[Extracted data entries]
=== Begin Enclosure ===

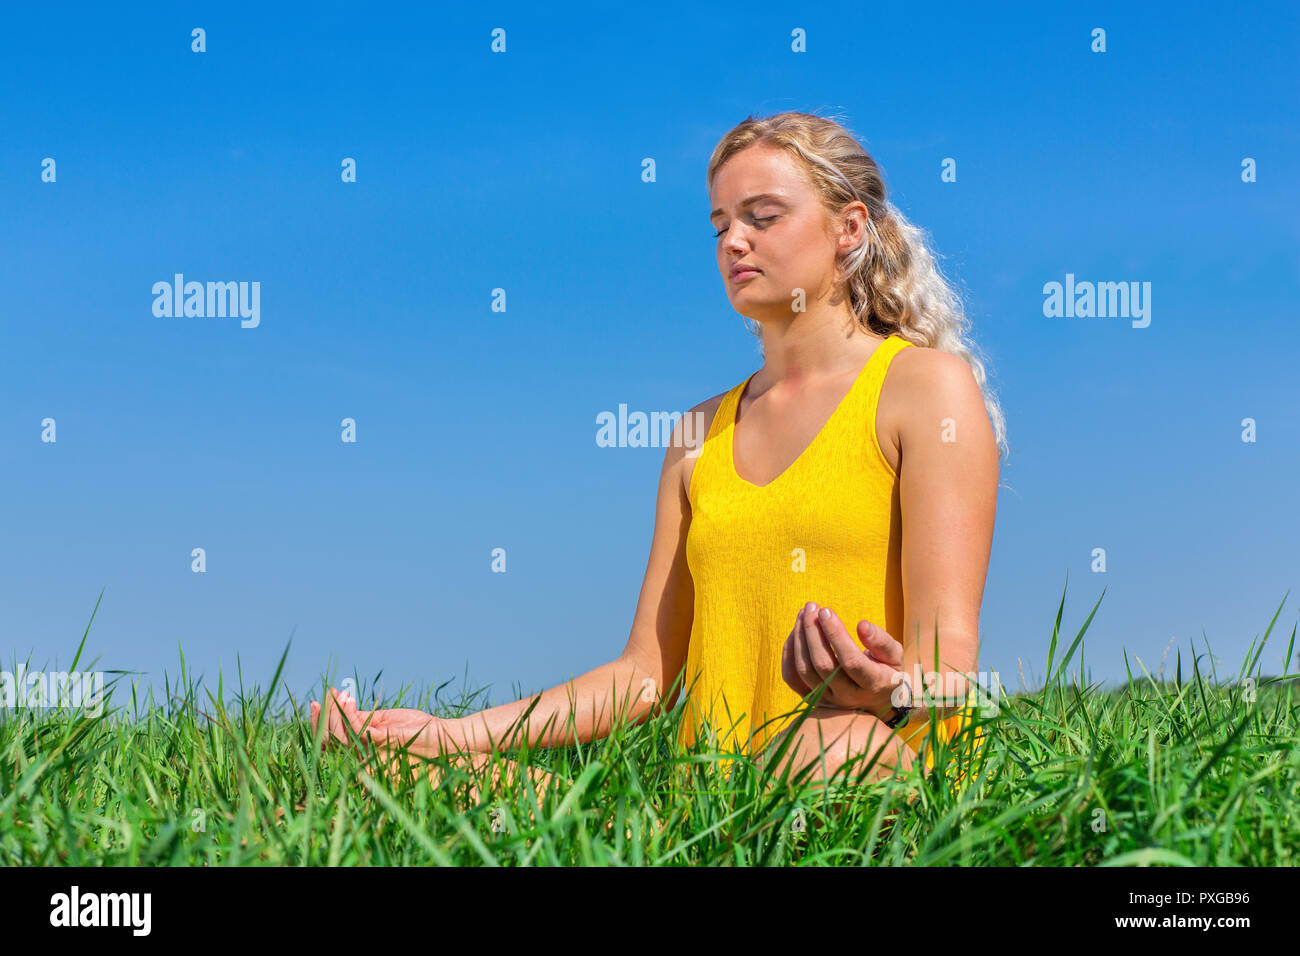 Joven Mujer rubia holandesa meditando en la naturaleza con el cielo azul Foto de stock
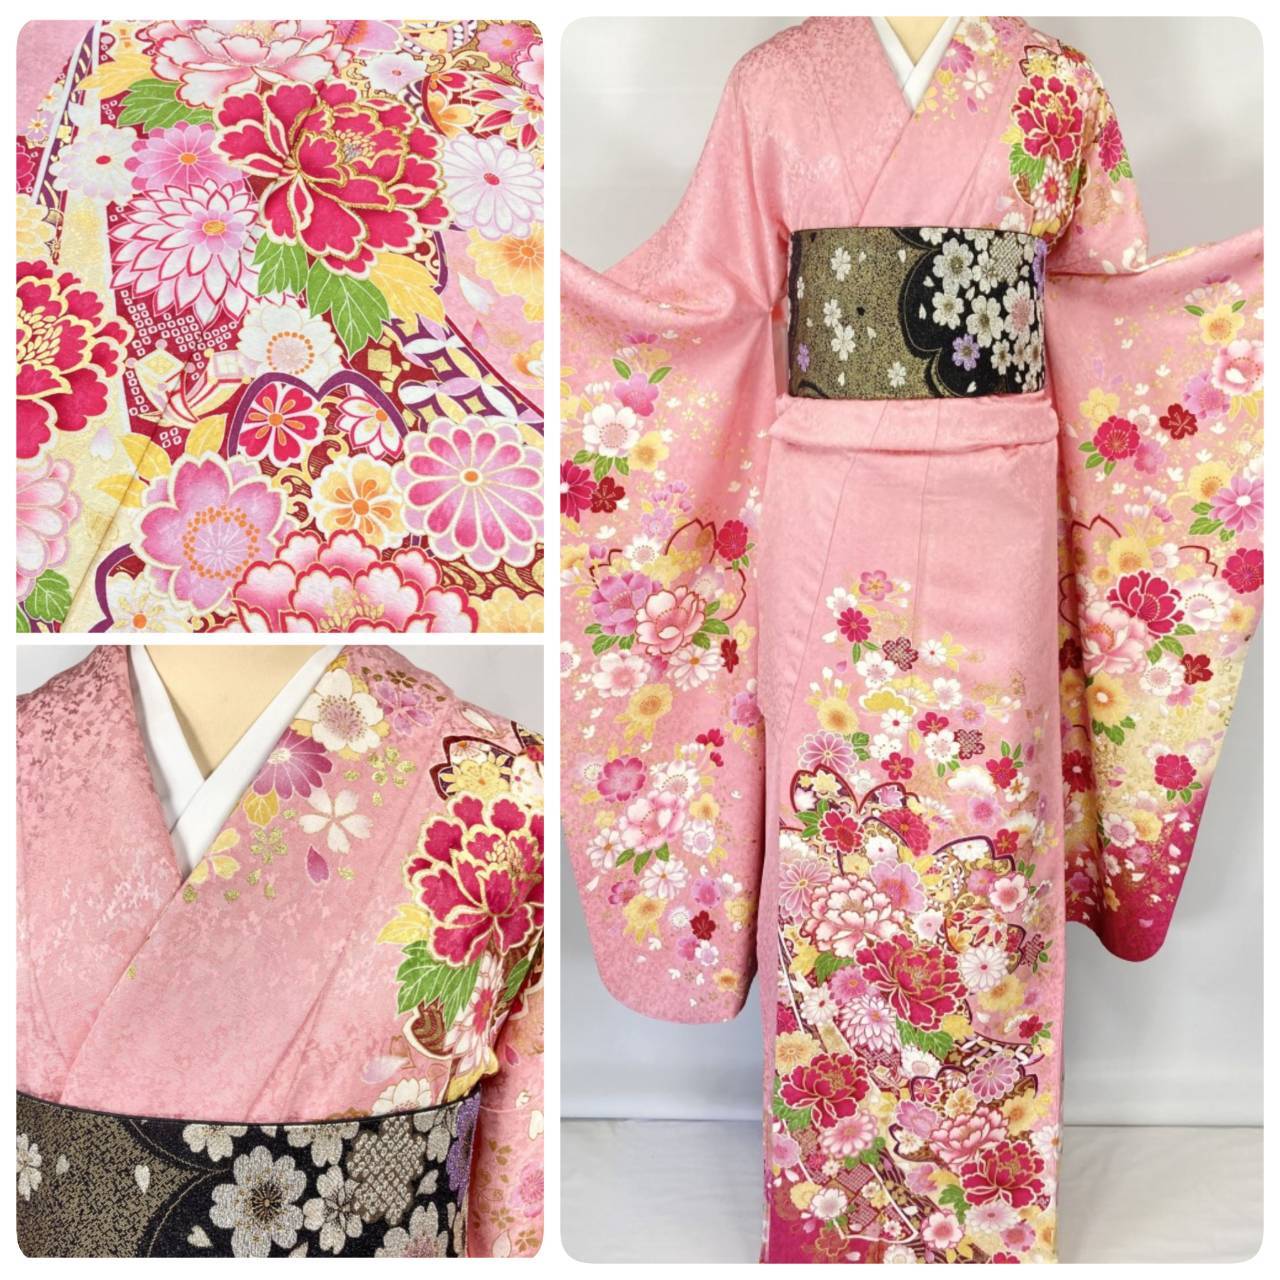 新品未使用正絹振り袖用桜がらの美しい袋帯です裏も桜の織が施されていて素敵です桃李着物帯
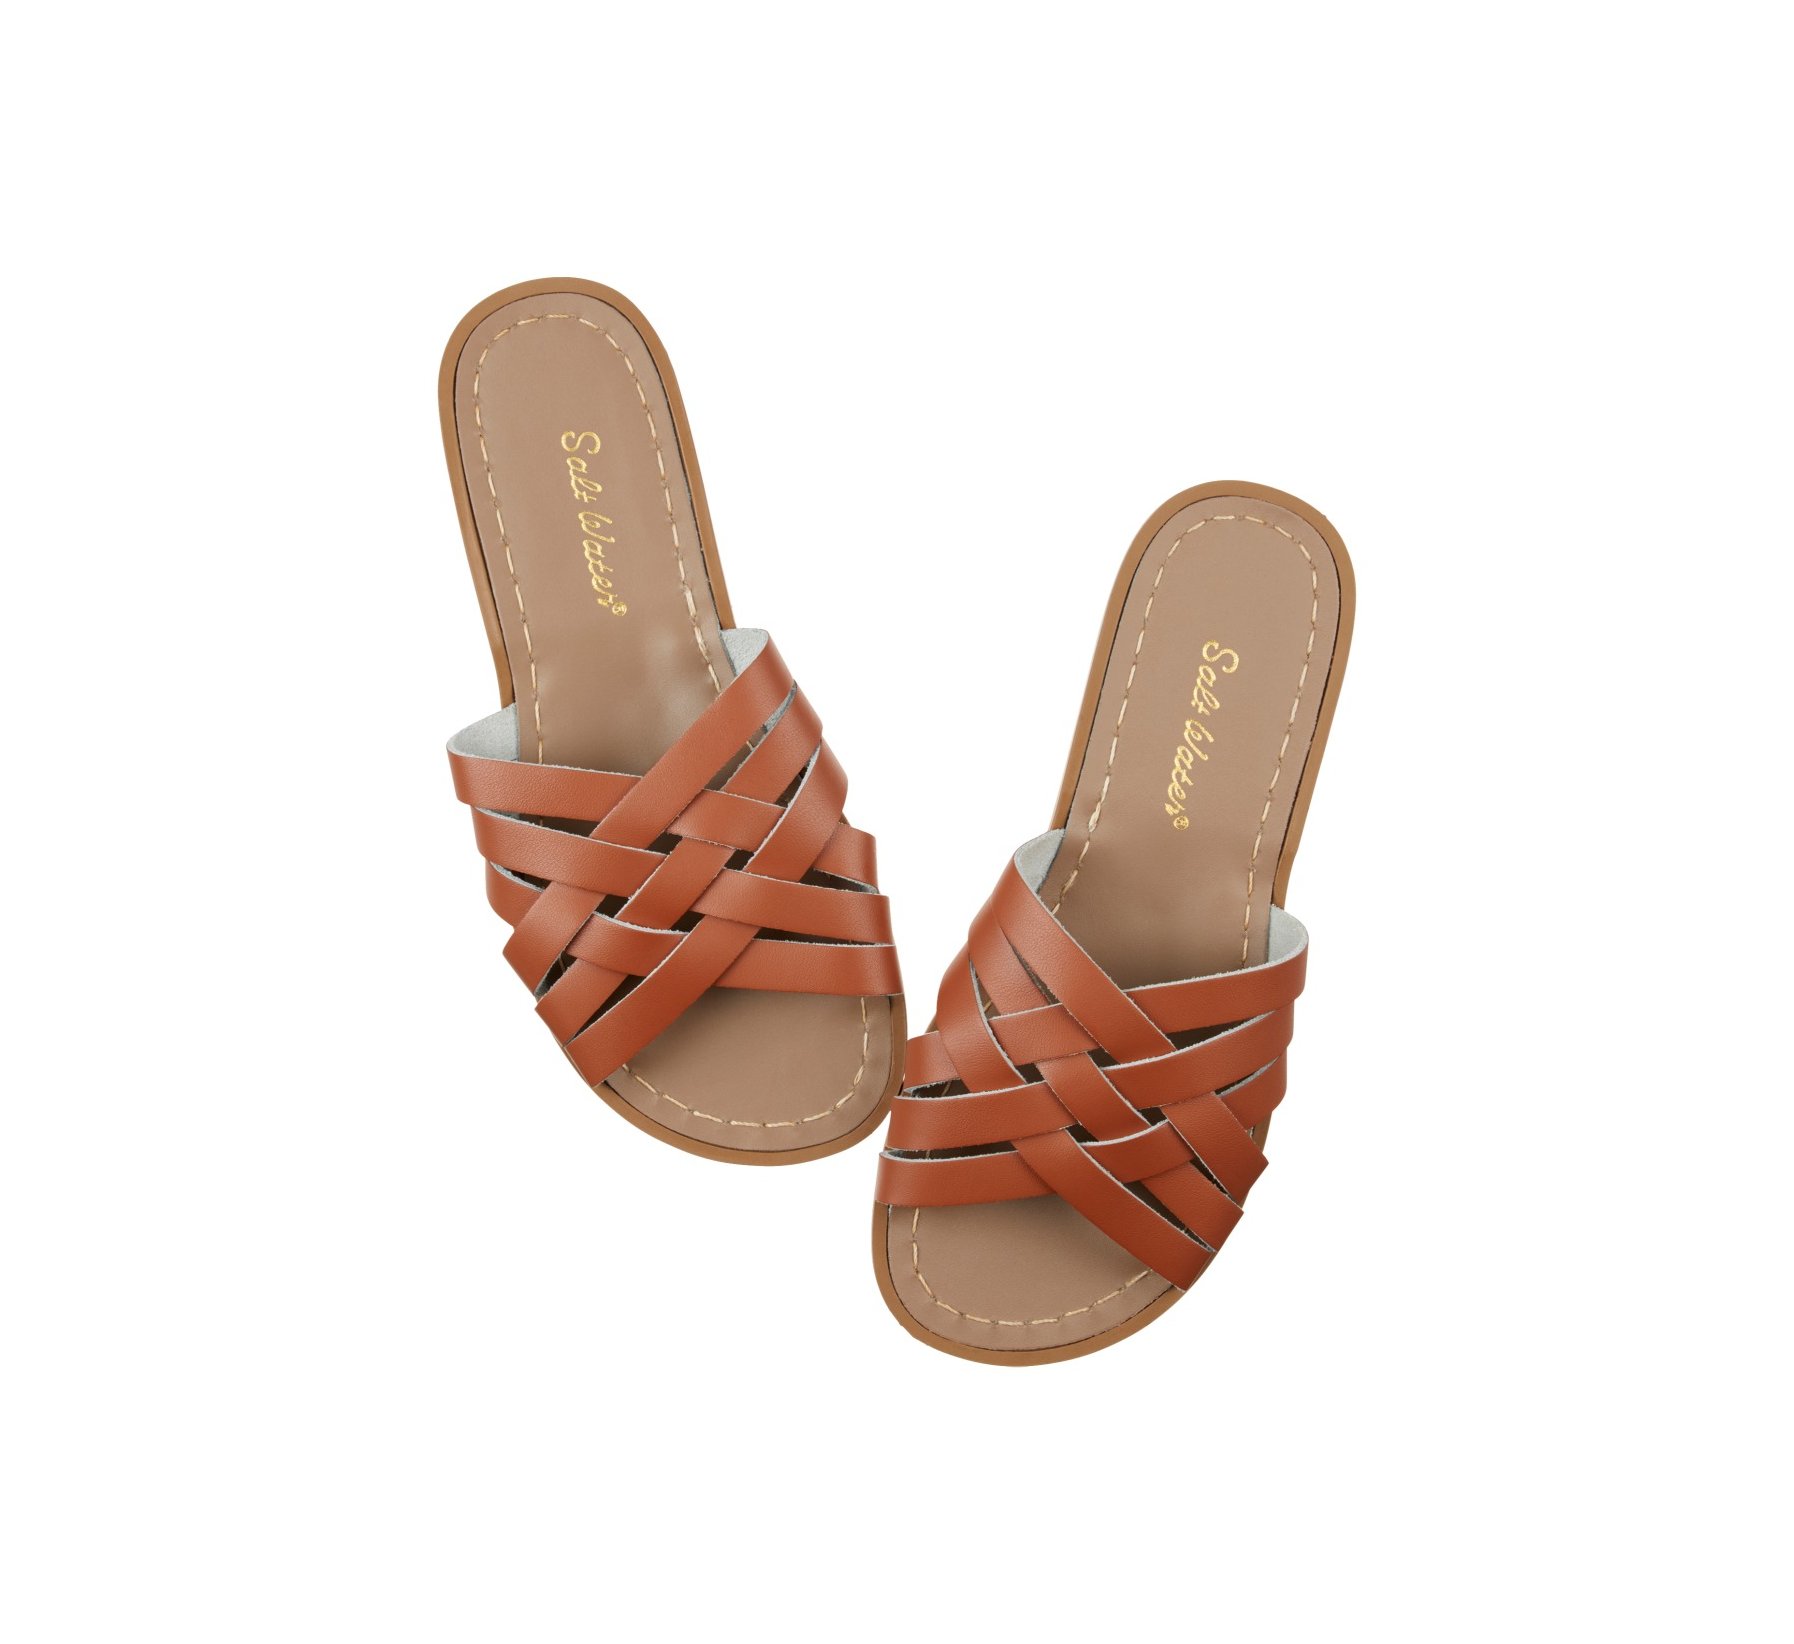 Retro Slide Brun Roux - Salt Water Sandals
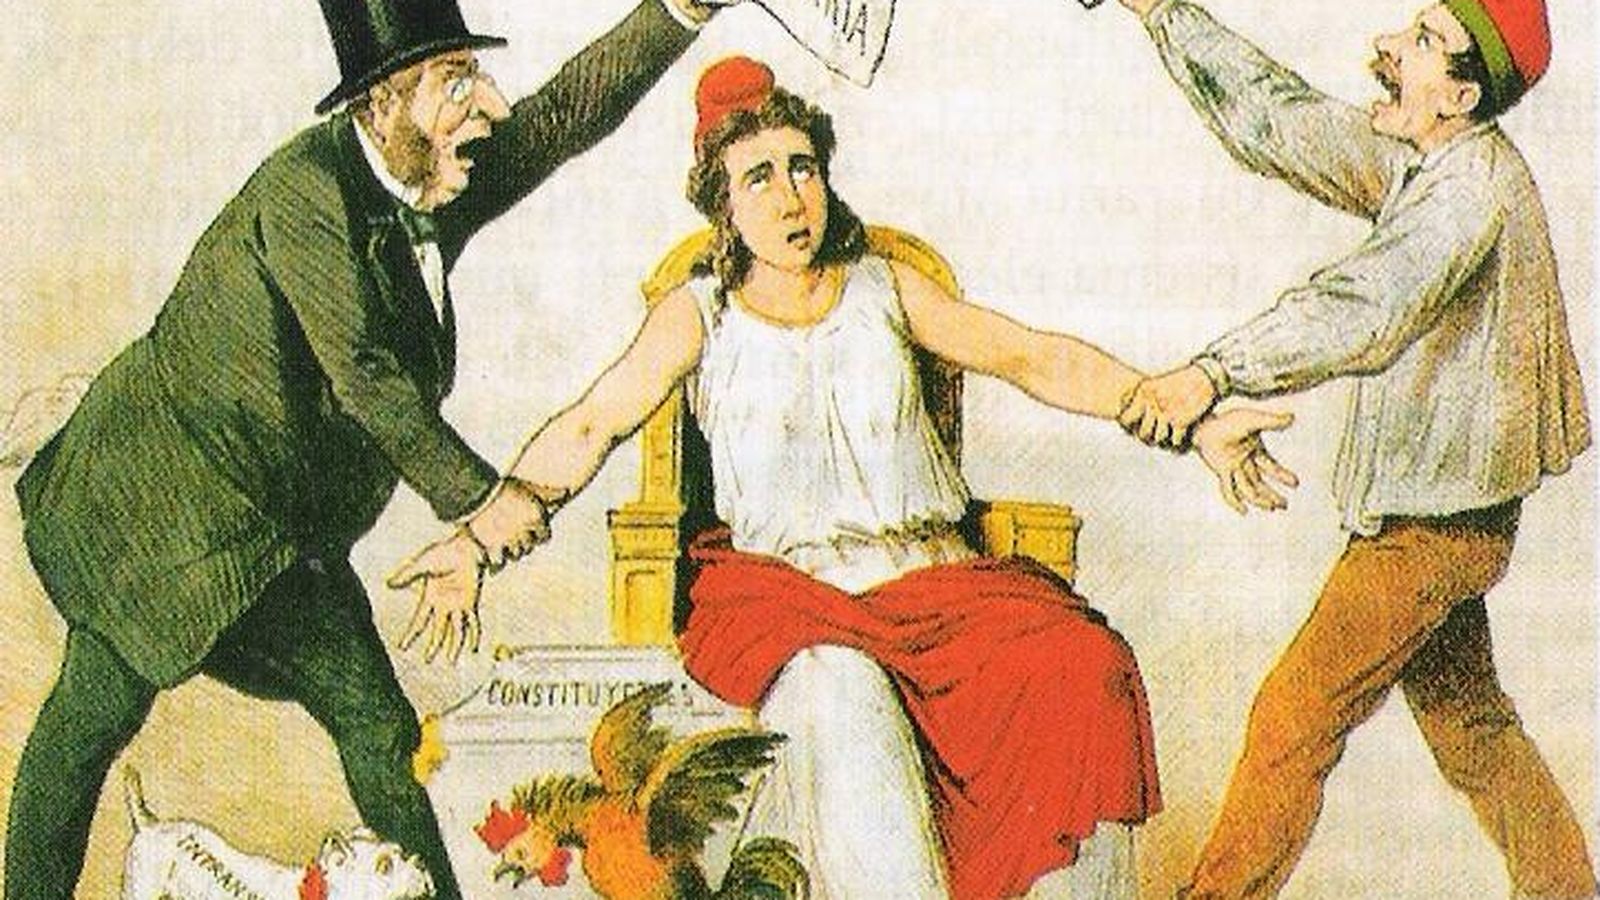 Foto: Viñeta de la revista satírica 'La Flaca' en la que se pelean los federalistas, representados por José María de Orense, y los unitarios, representados por Emilio Castelar.
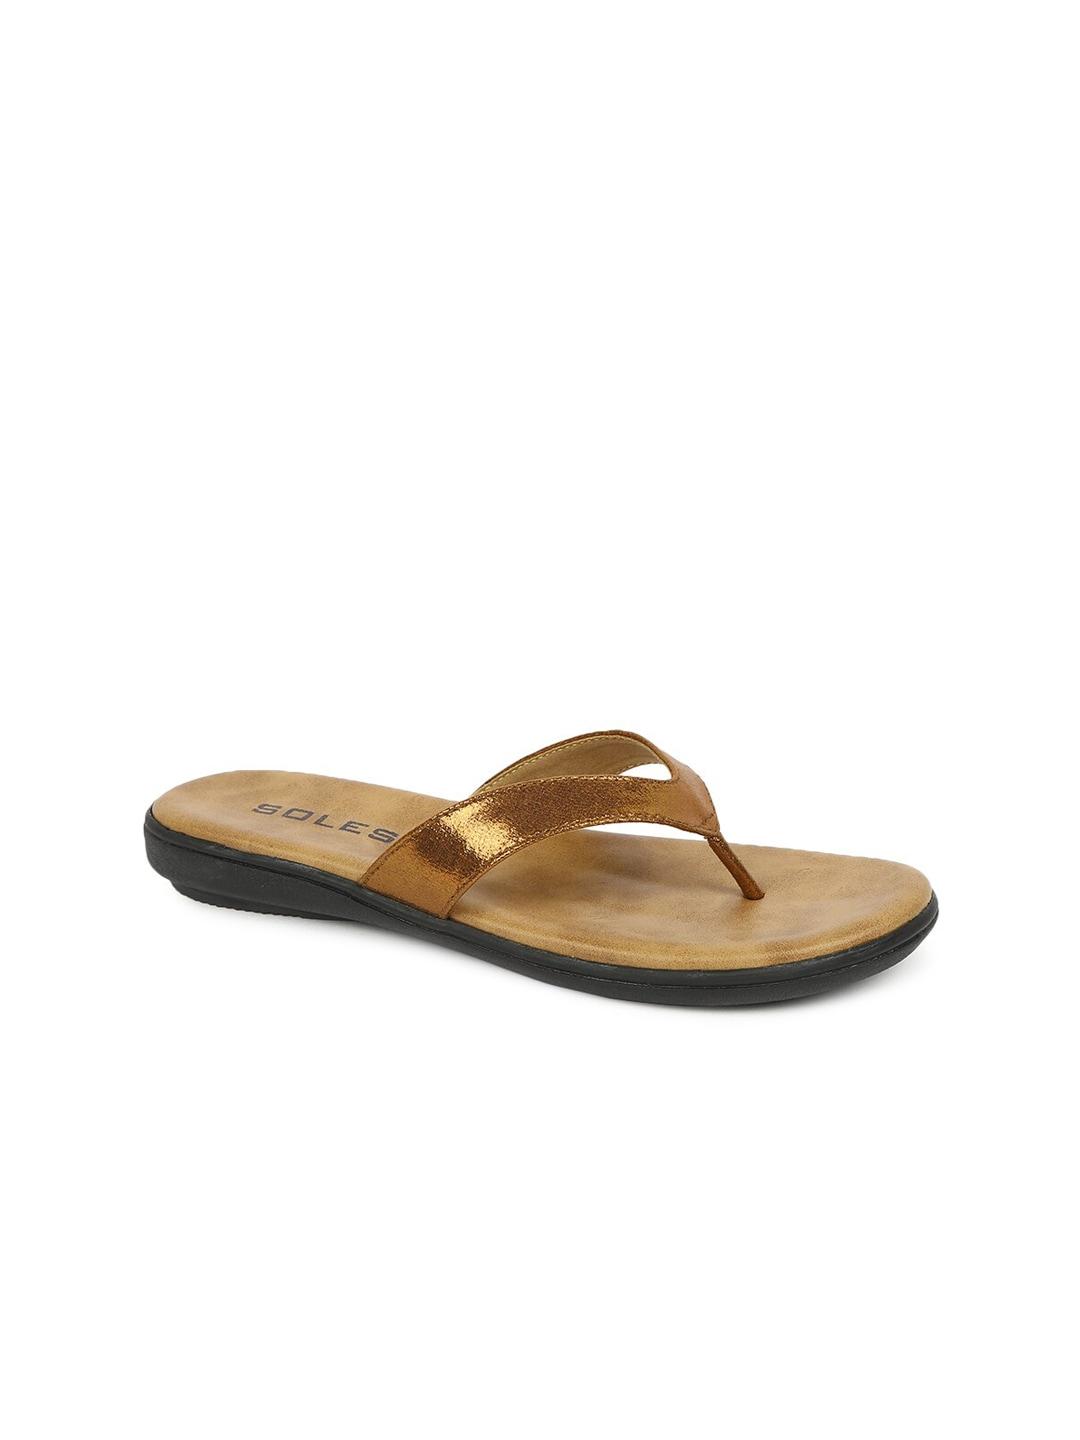 SOLES Women Bronze-Toned T-Strap Flats

=== End Enclosure ===

TO DO -> Only the lines from the one containing "Foto: Viñeta de" through the final line of the records should be transcribed, exactly and with no pictures.

RESULT OF THIS TASK ->
 Foto: Viñeta de la revista satírica 'La Flaca' en la que se pelean los federalistas, representados por José María de Orense, y los unitarios, representados por Emilio Castelar.
 SOLES Women Bronze-Toned T-Strap Flats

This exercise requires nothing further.